With every picture left out, restate the listing below exactly as written.
:: Source material
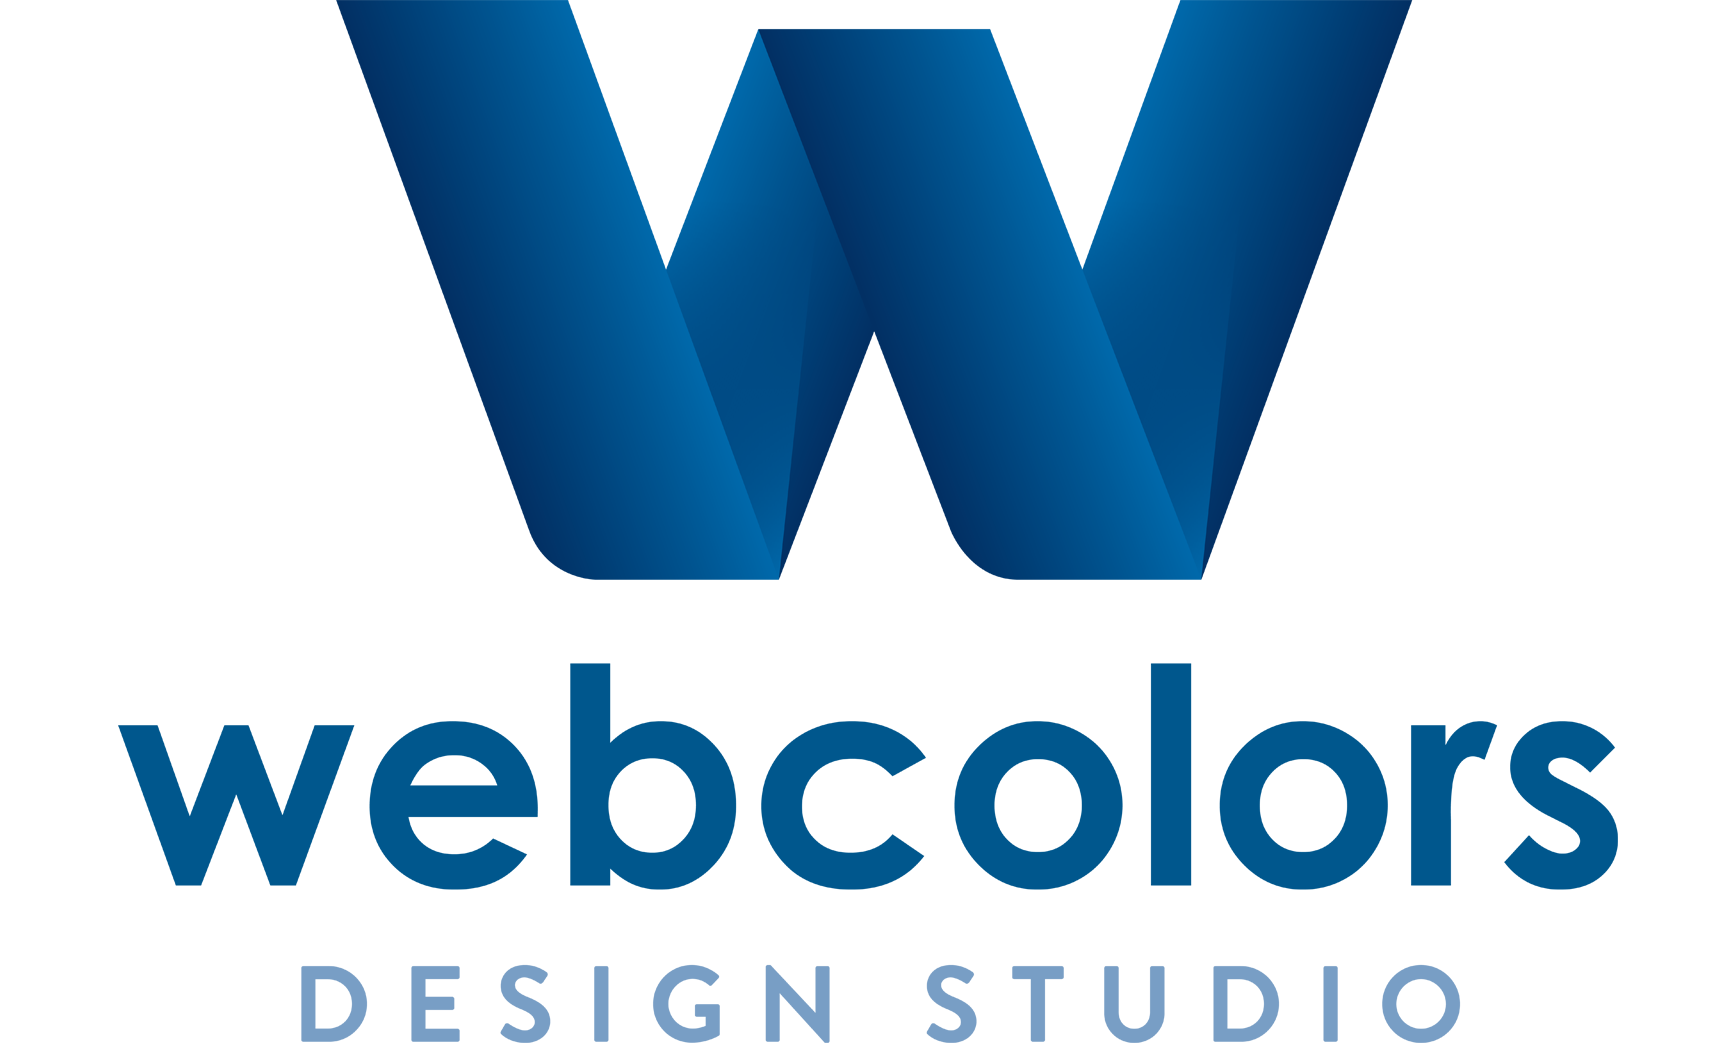 Webcolors Design Studio - Digitalagentur mit erstklassigen Marketing- und Printservices.
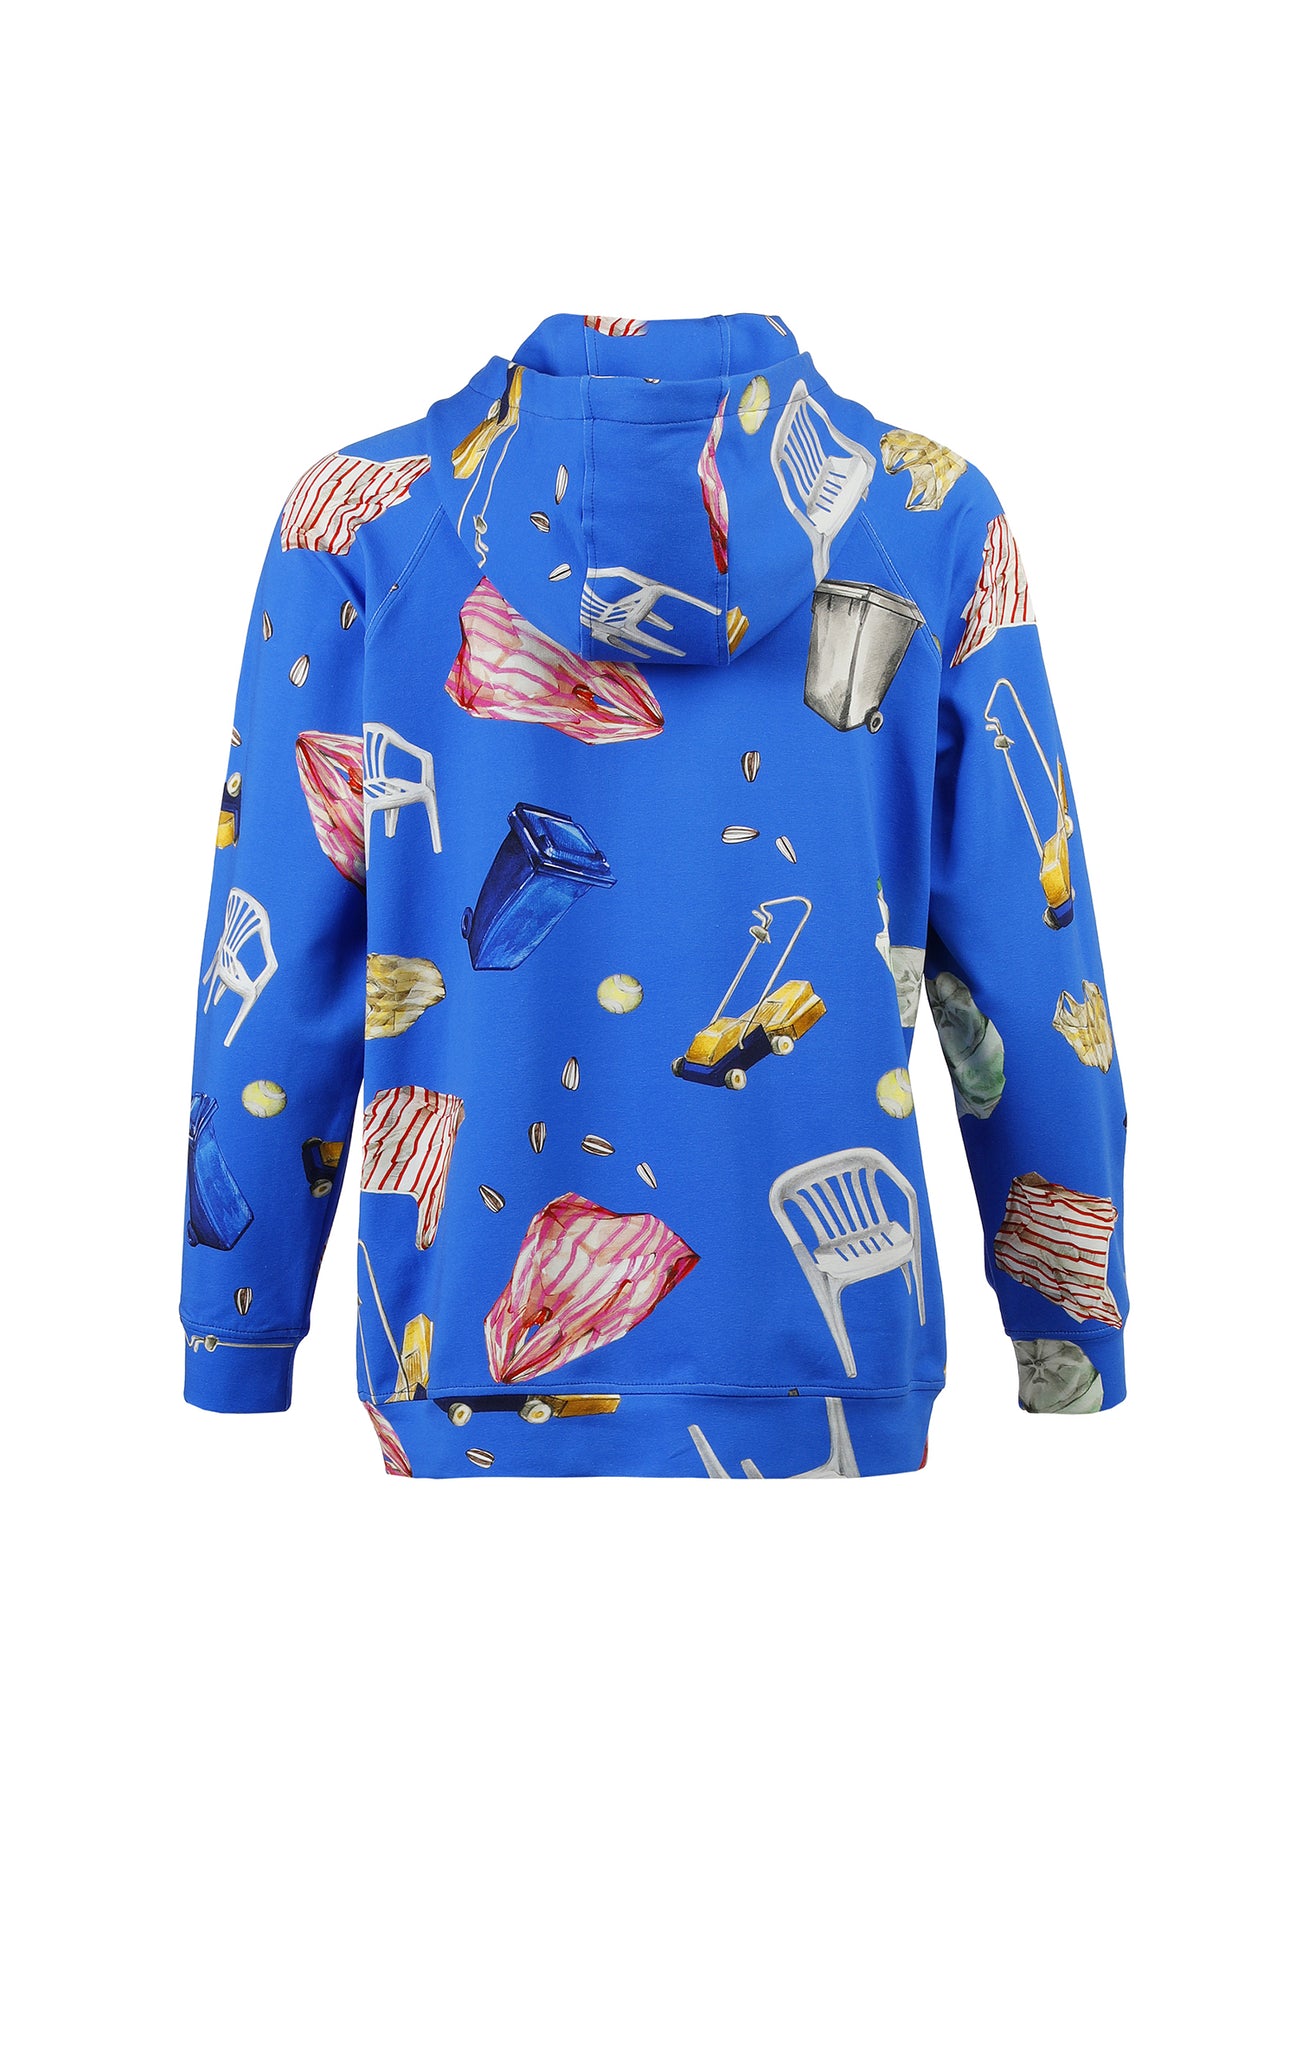 KEKES hooded sweatshirt 'objects blue'
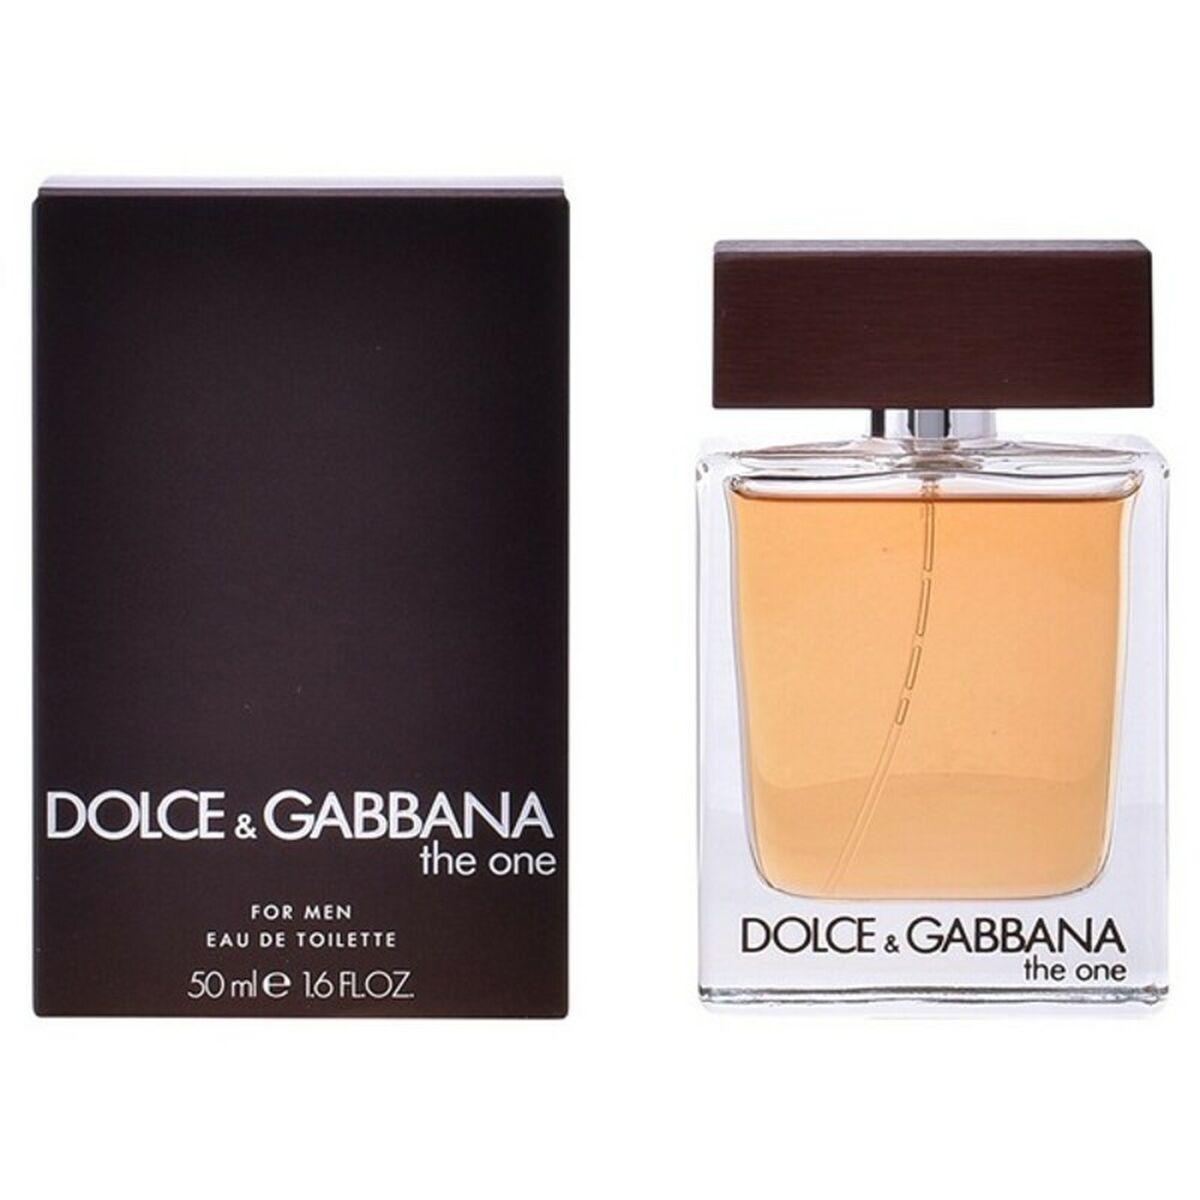 Herenparfum Dolce & Gabbana EDT
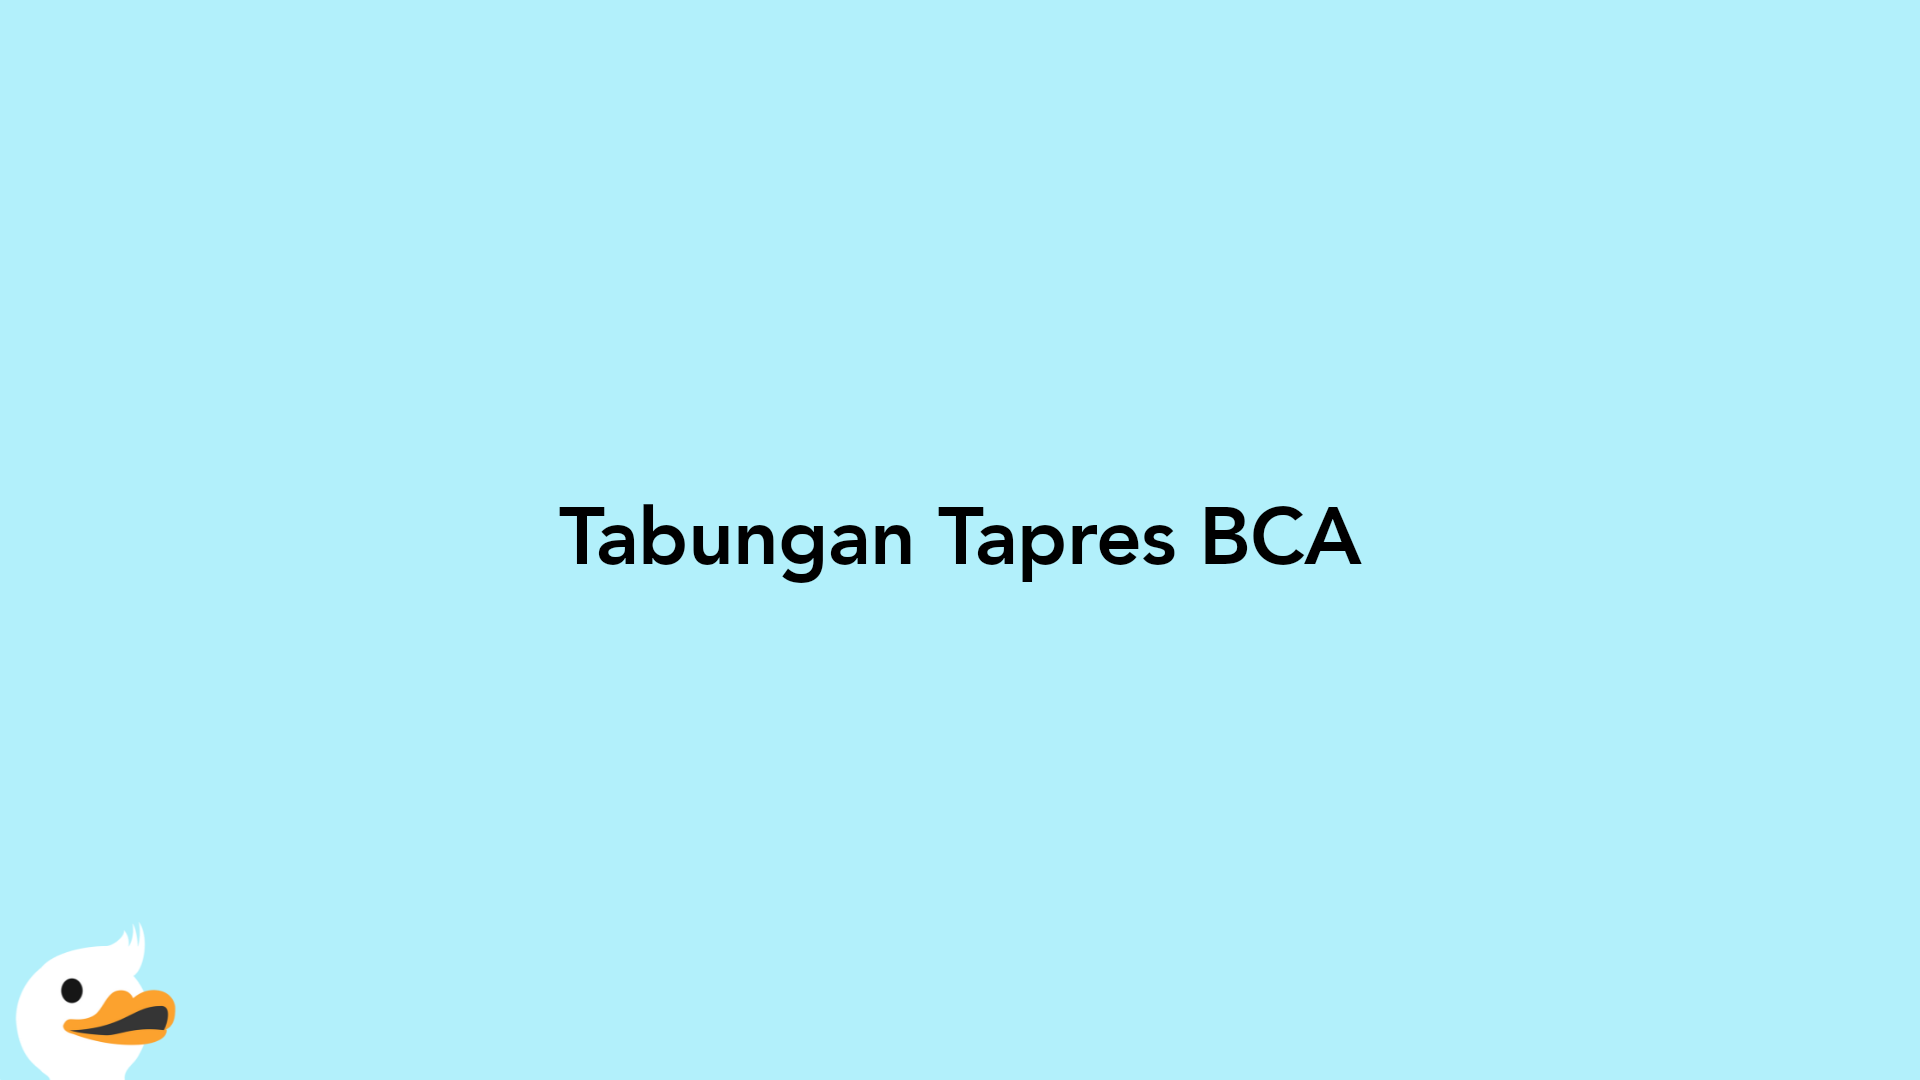 Tabungan Tapres BCA
::::
• _Answer_:
 Webcolors Design Studio - Digitalagentur mit erstklassigen Marketing- und Printservices.
 KEKES hooded sweatshirt 'objects blue'
 Herenparfum Dolce & Gabbana EDT
 Tabungan Tapres BCA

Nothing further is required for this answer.